■ **What needs to be done**
Type the data below again exactly. Omit all pictures.

■ **Data section**
▼

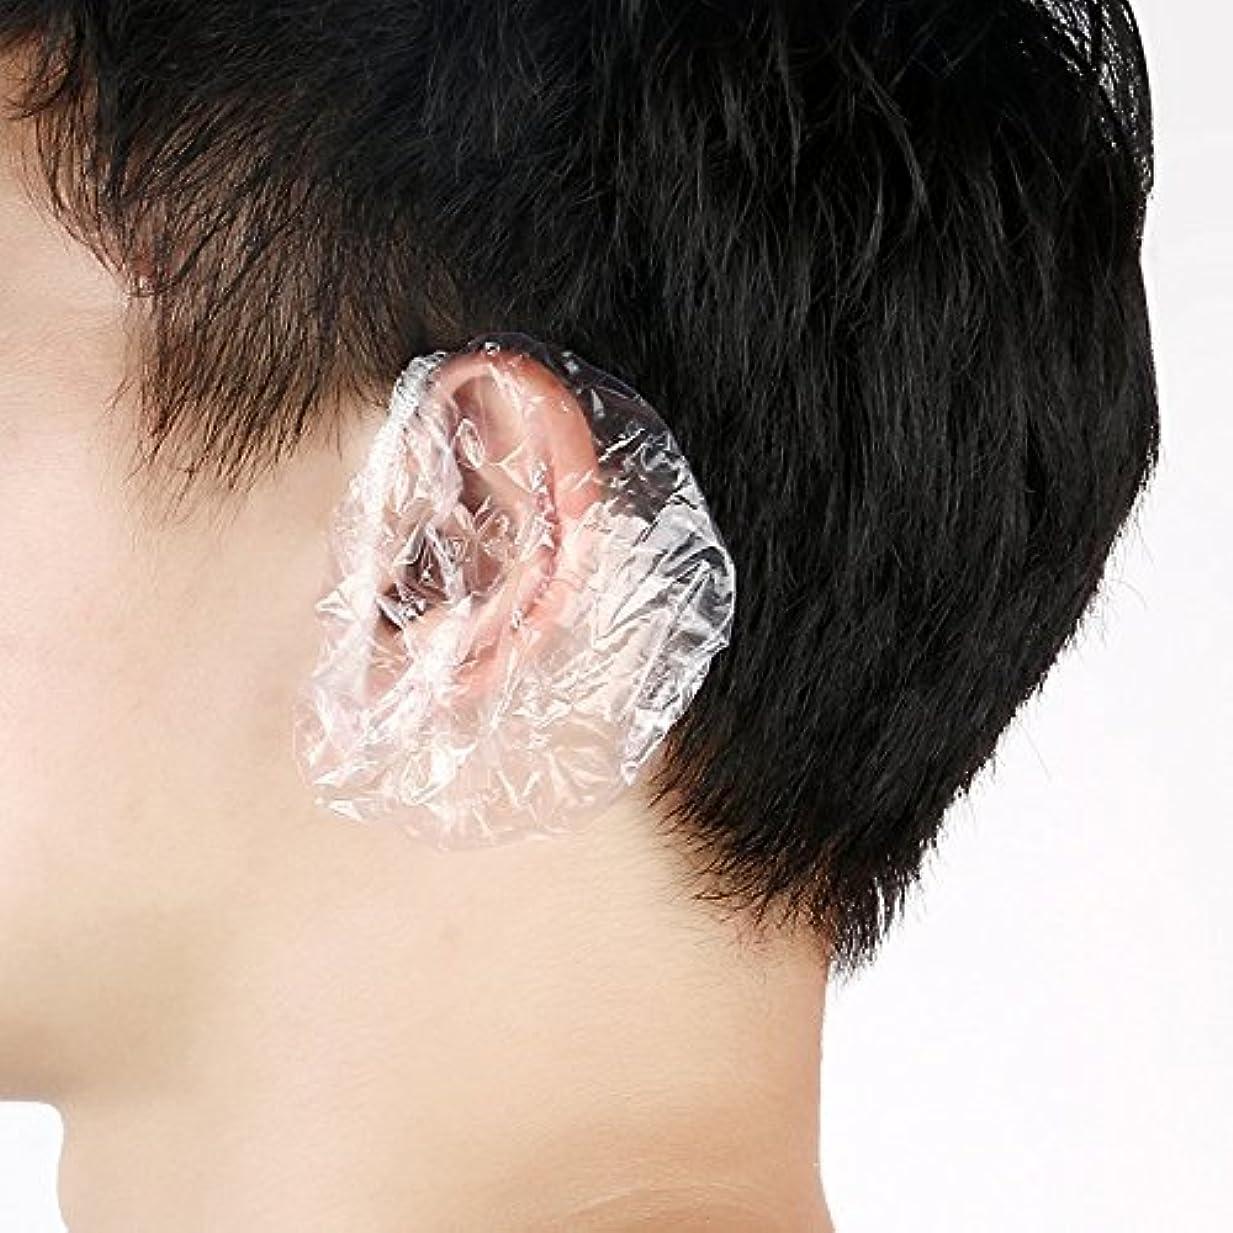 飾る偽善者歯車AMAA 耳キャップ 毛染め用 耳カバー  使い捨て 衛生的 袋入 100枚入り
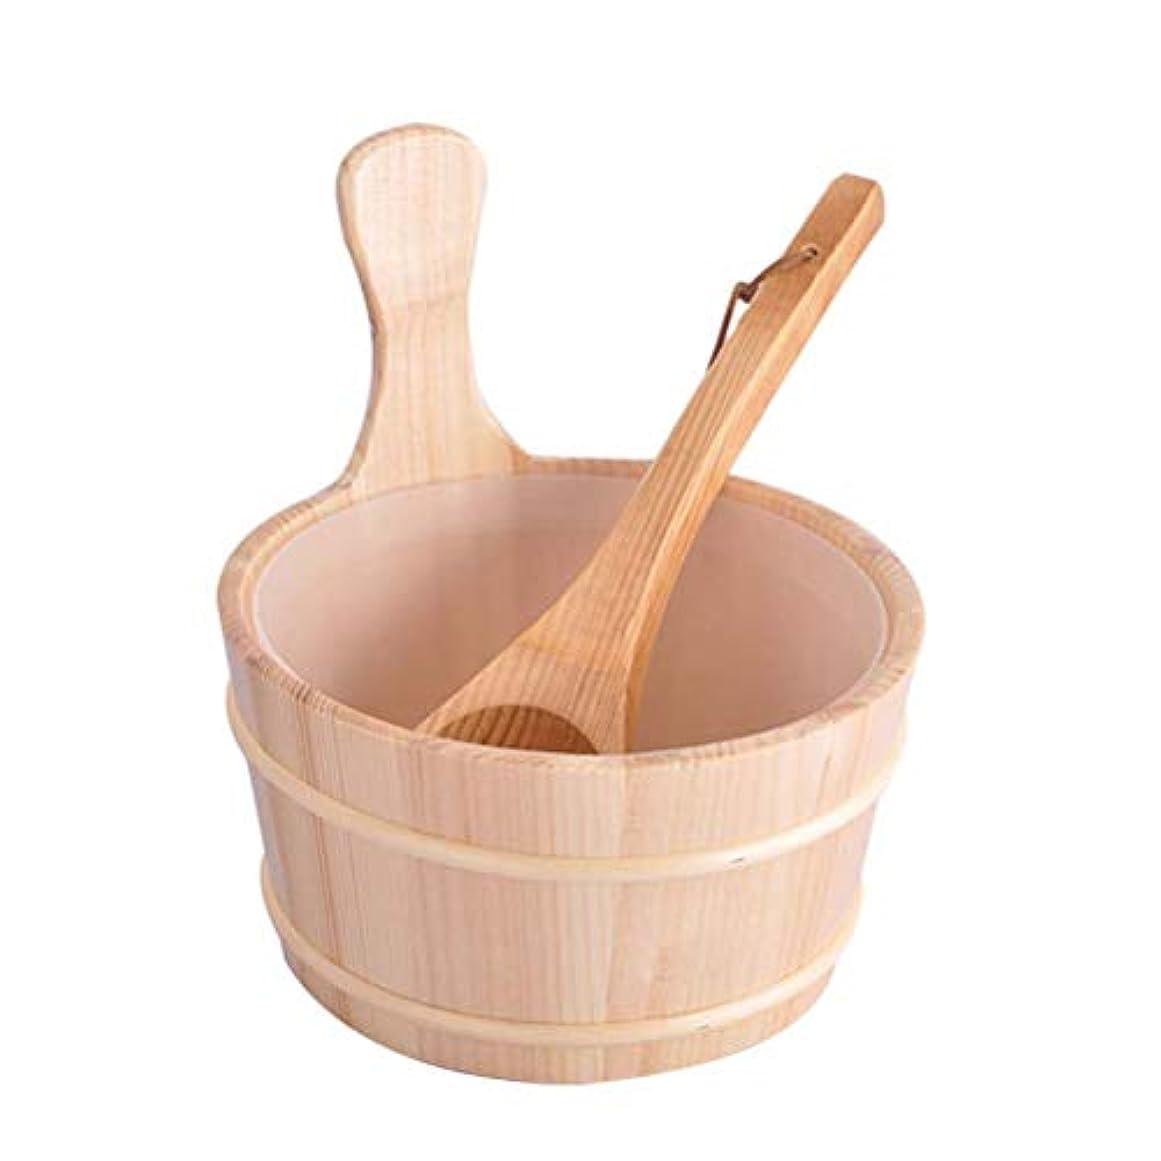 手配するいとこ傾向があるHealifty 2個入りサウナ木製バケツとひしゃくキットサウナとサウナルーム用のライナー付きスパバケット(ニュートラルスタイル)
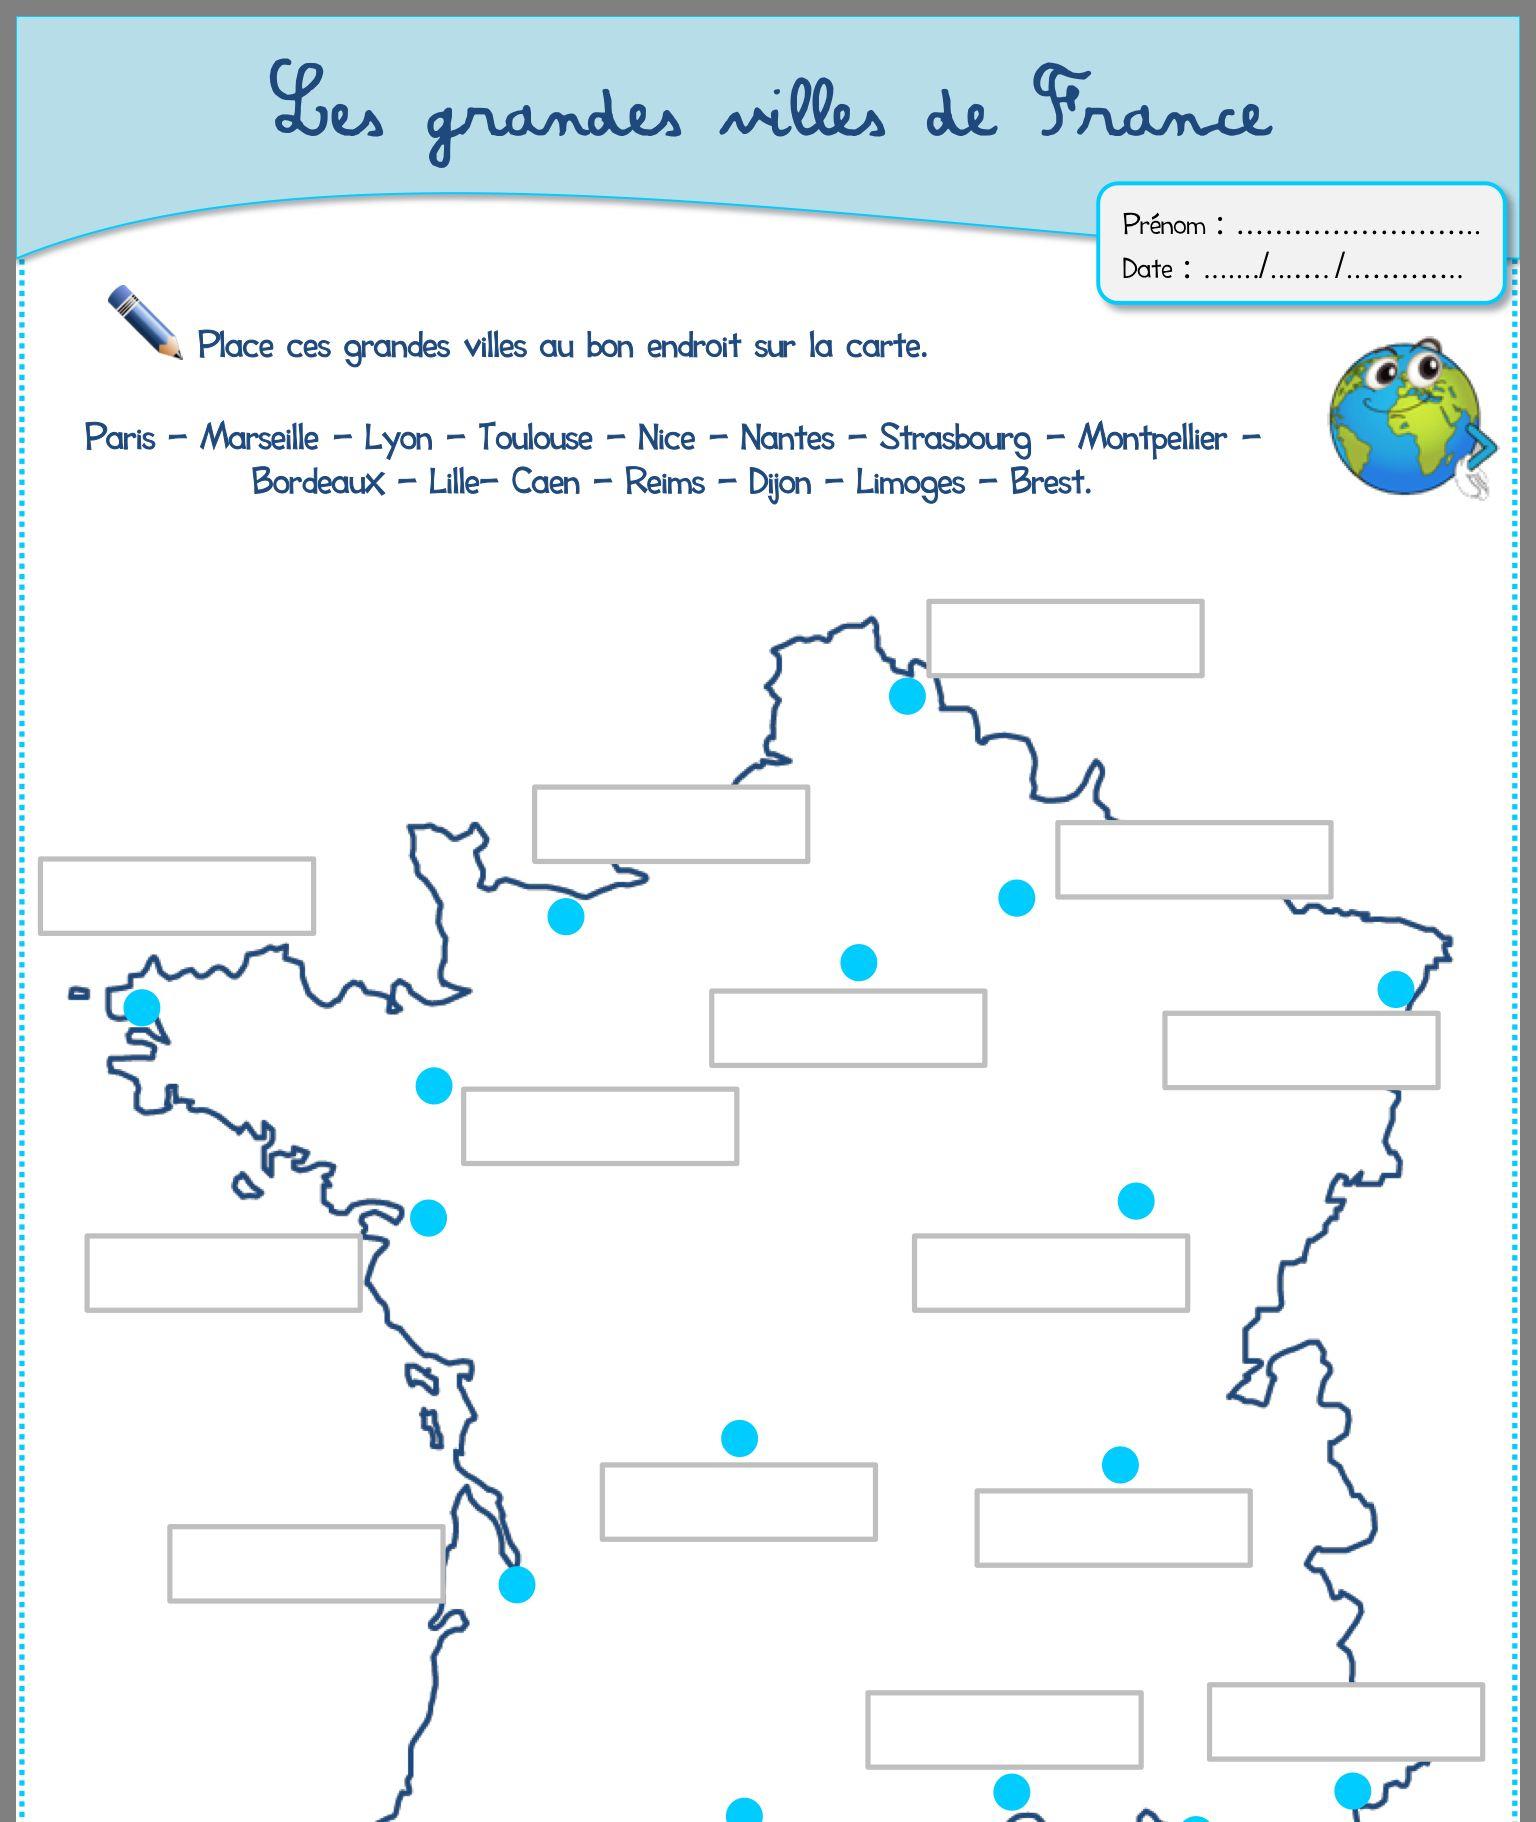 Les Grandes Villes En France | Ville France, Géographie encequiconcerne Frise Chronologique Vierge Ce1
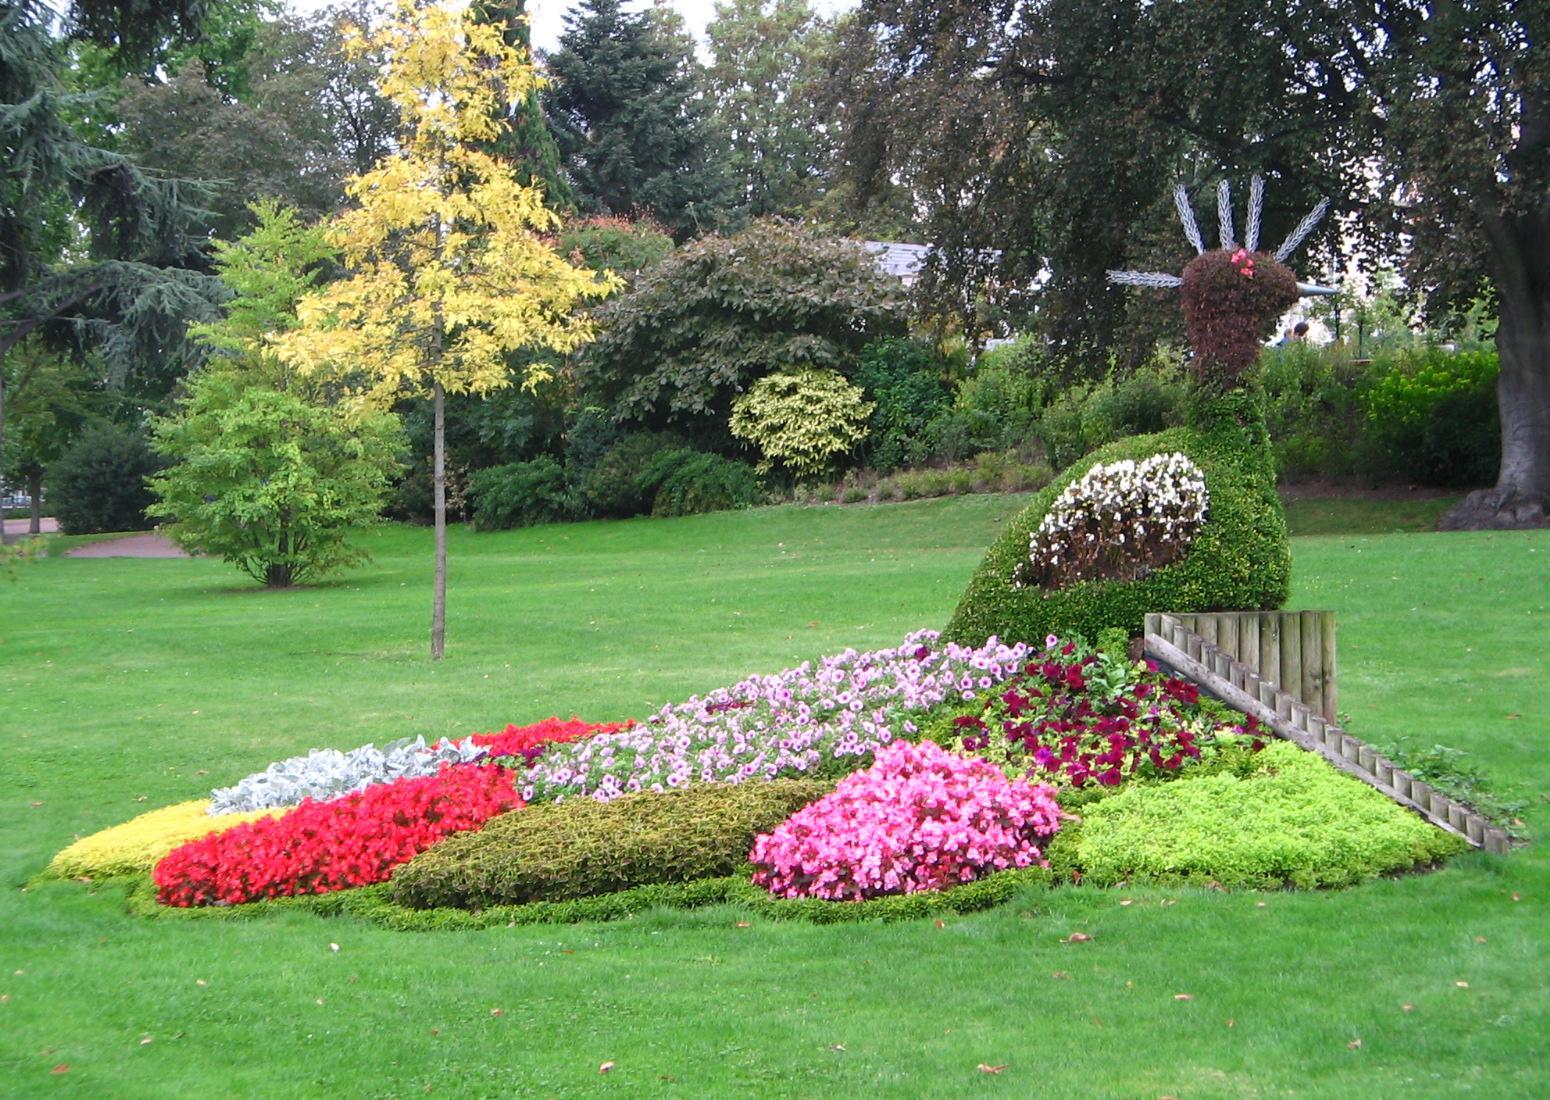 Jardin lecoq clermont ferrand - Massif jardin japonais clermont ferrand ...

▲

■ **Task answer**
 飾る偽善者歯車AMAA 耳キャップ 毛染め用 耳カバー  使い捨て 衛生的 袋入 100枚入り
 手配するいとこ傾向があるHealifty 2個入りサウナ木製バケツとひしゃくキットサウナとサウナルーム用のライナー付きスパバケット(ニュートラルスタイル)
 Les Grandes Villes En France | Ville France, Géographie encequiconcerne Frise Chronologique Vierge Ce1
 Jardin lecoq clermont ferrand - Massif jardin japonais clermont ferrand ...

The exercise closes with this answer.